**DATASET EXCERPT**:
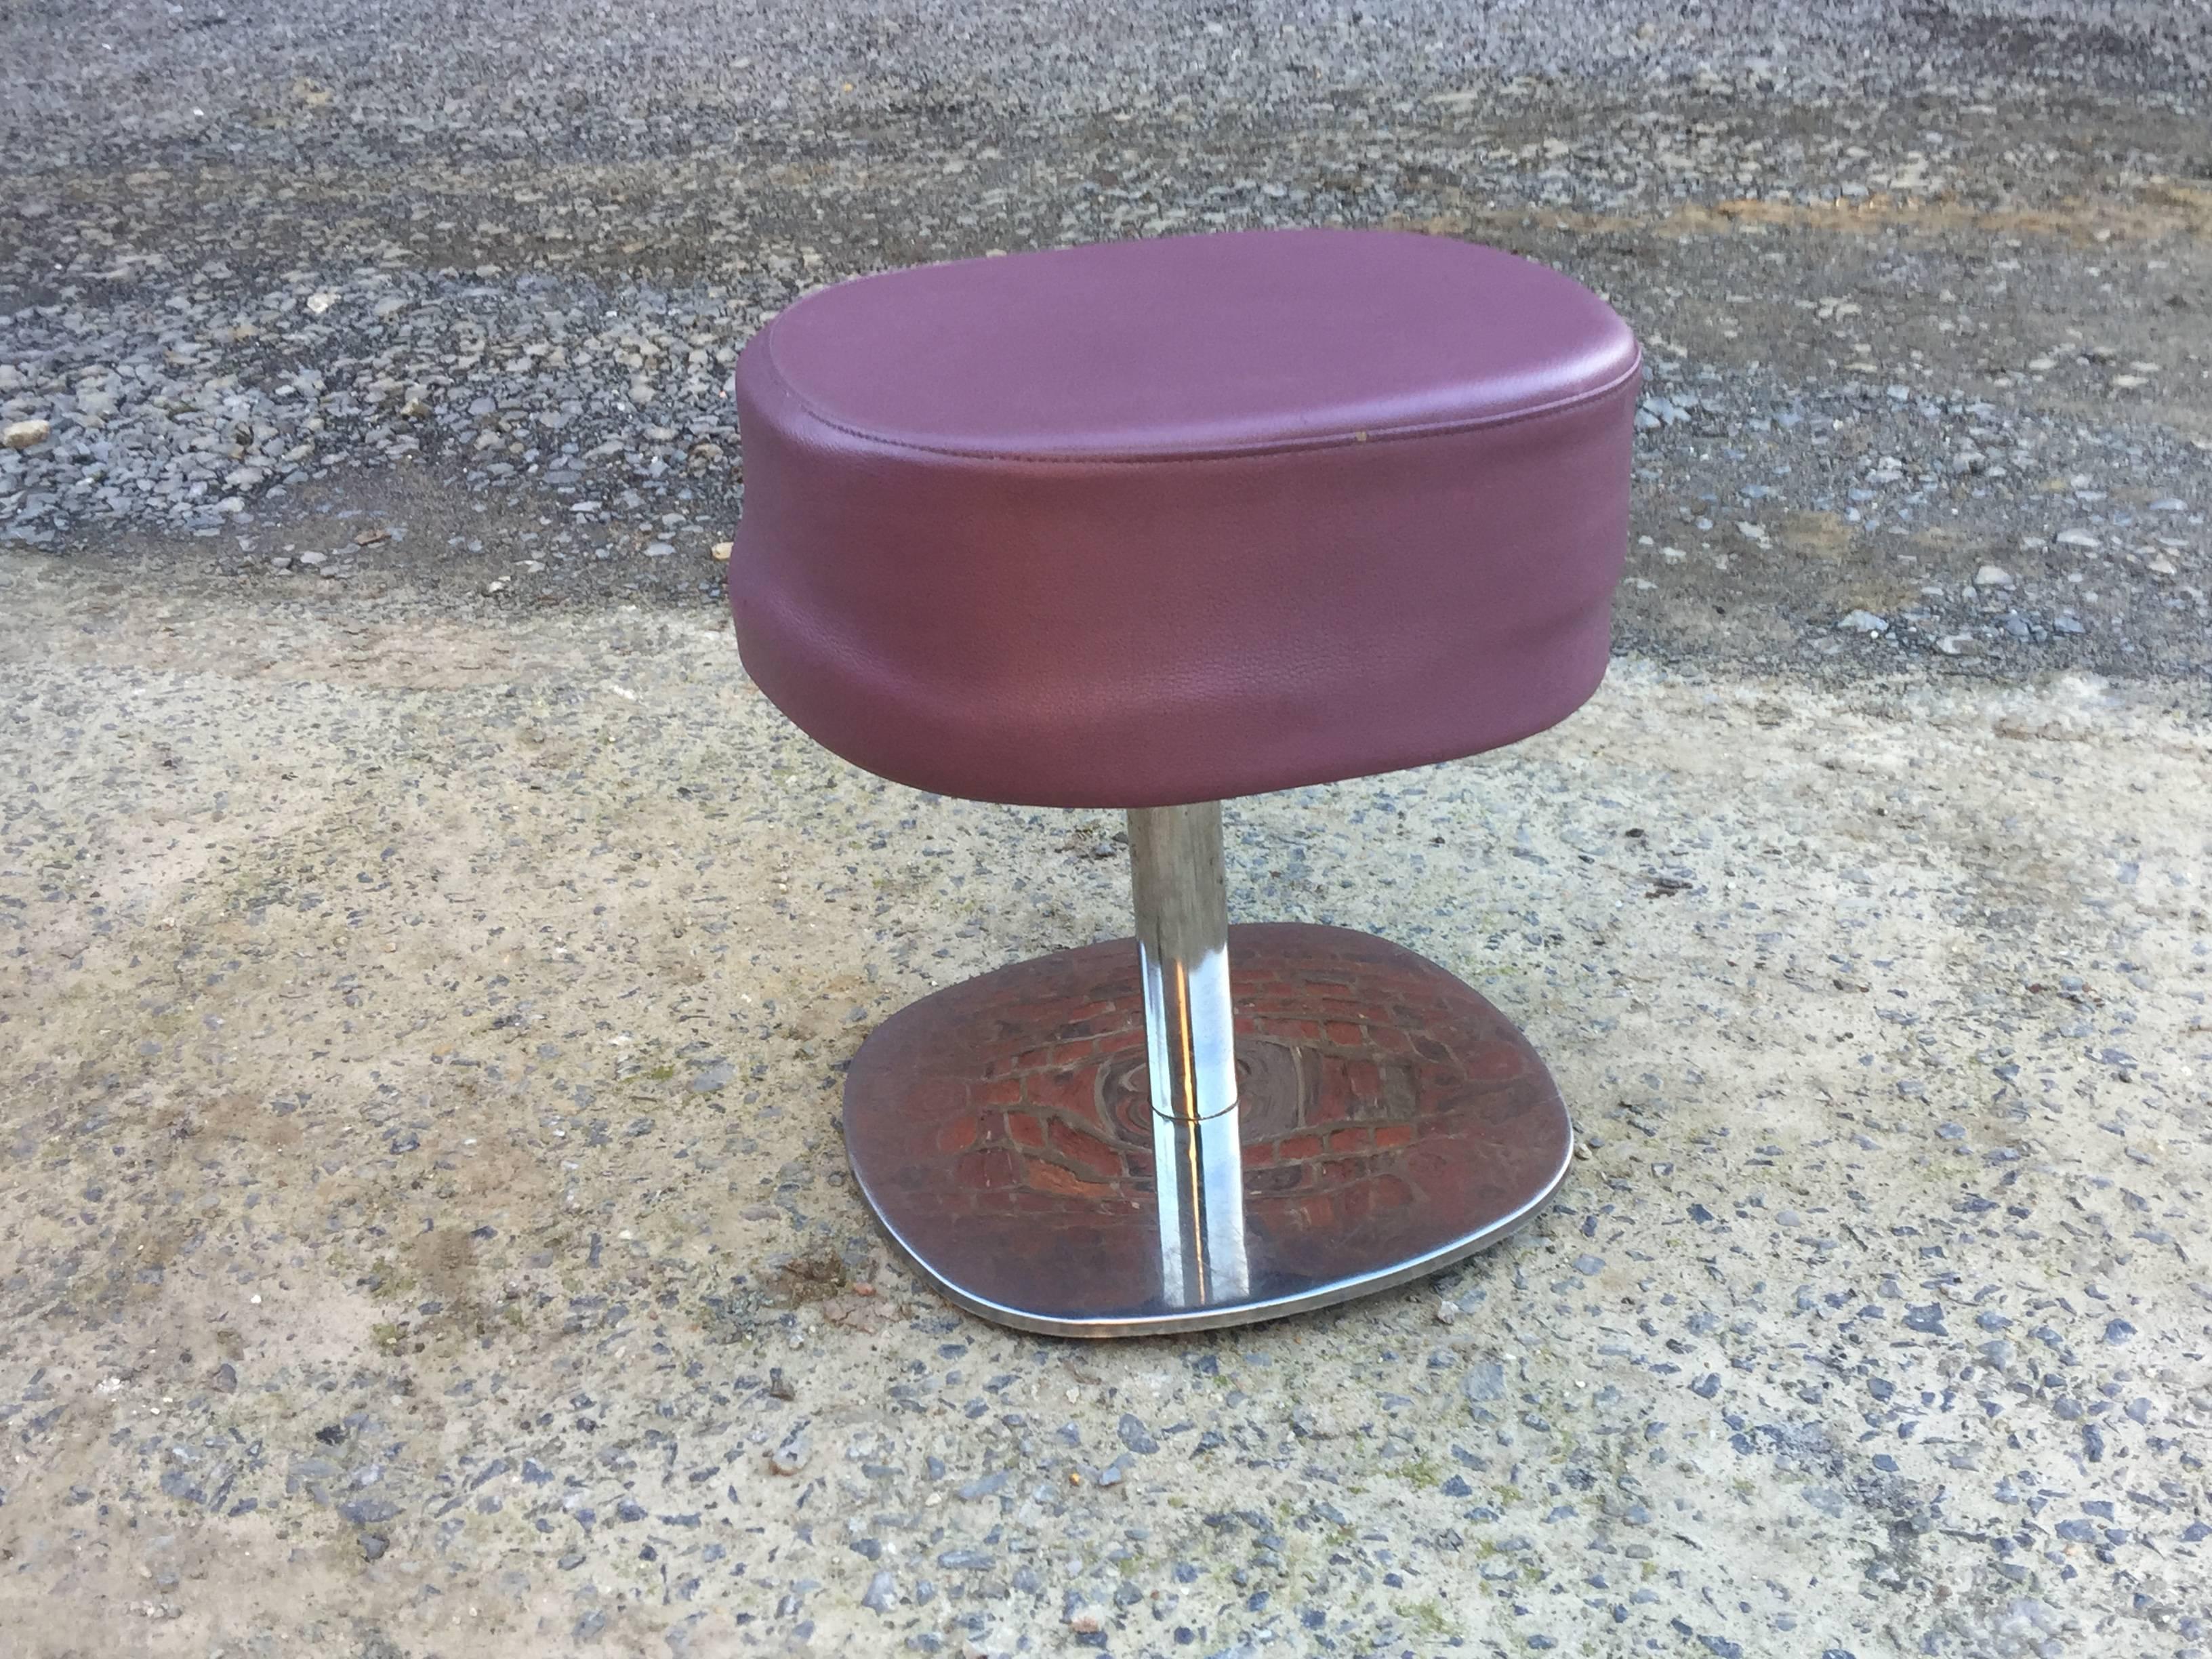  five stools in chromed metal and leatherette, circa 1970
Very good condition.
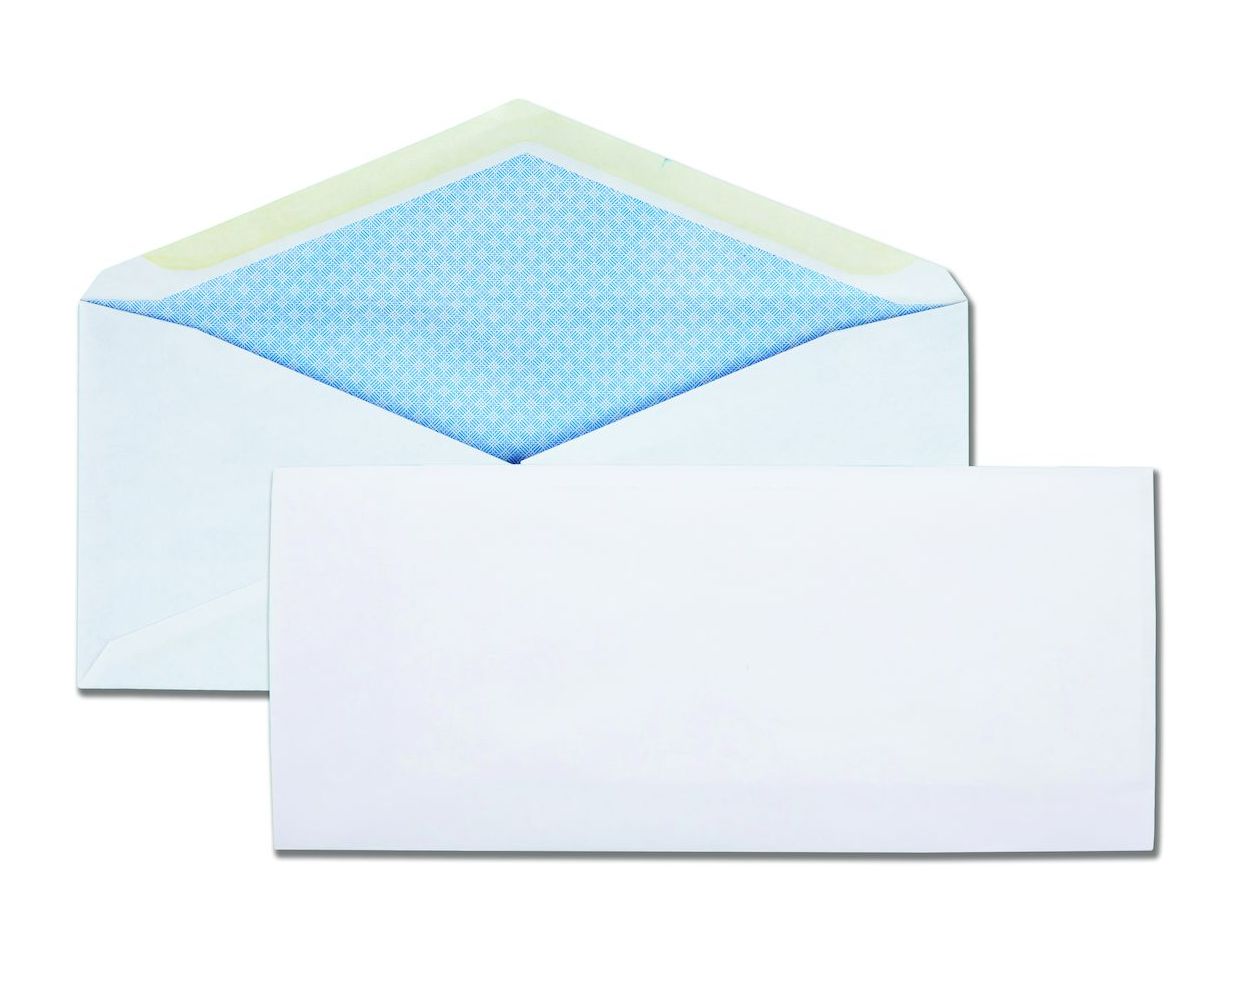 10 Security Tinted V Flap Business Envelopes Gummed Flap Great for High Speed Inserting Equipment White Wove 500 per Box
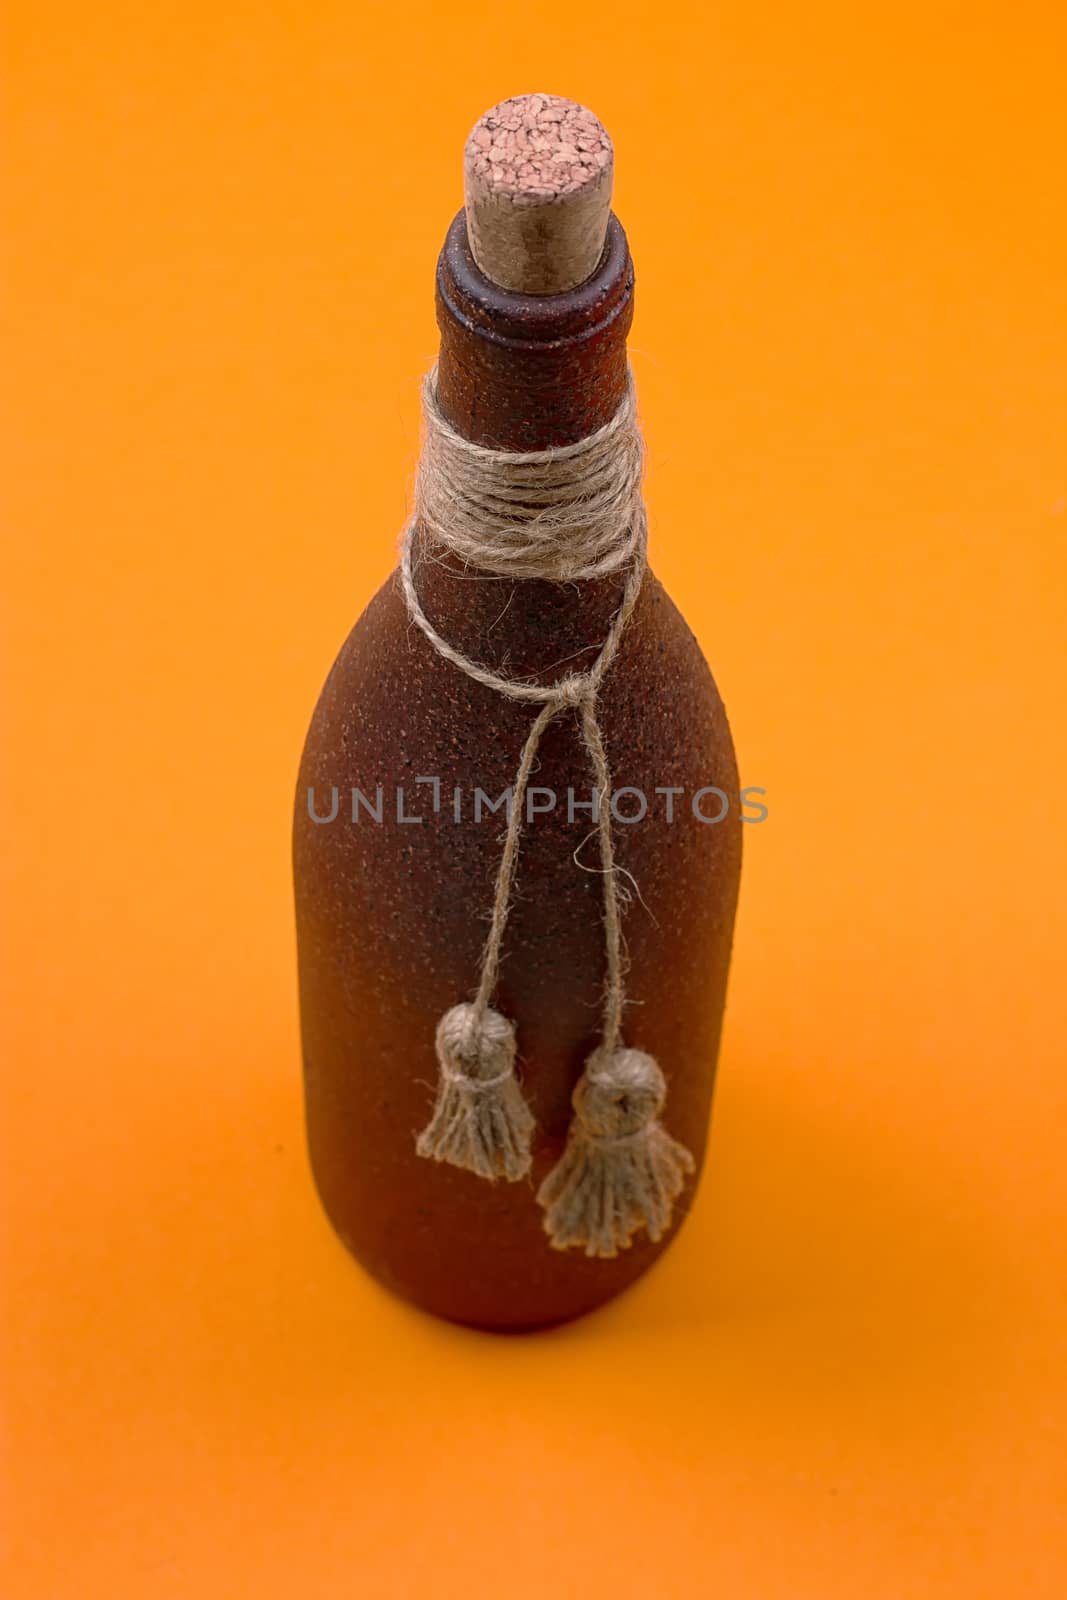 brown bottle made of stone on an orange background

**ACTIVITY**: Print the listing word for word but skip its pictures.

**SOLUTION TO THIS TASK**:
  five stools in chromed metal and leatherette, circa 1970
Very good condition.
 10 Security Tinted V Flap Business Envelopes Gummed Flap Great for High Speed Inserting Equipment White Wove 500 per Box
 brown bottle made of stone on an orange background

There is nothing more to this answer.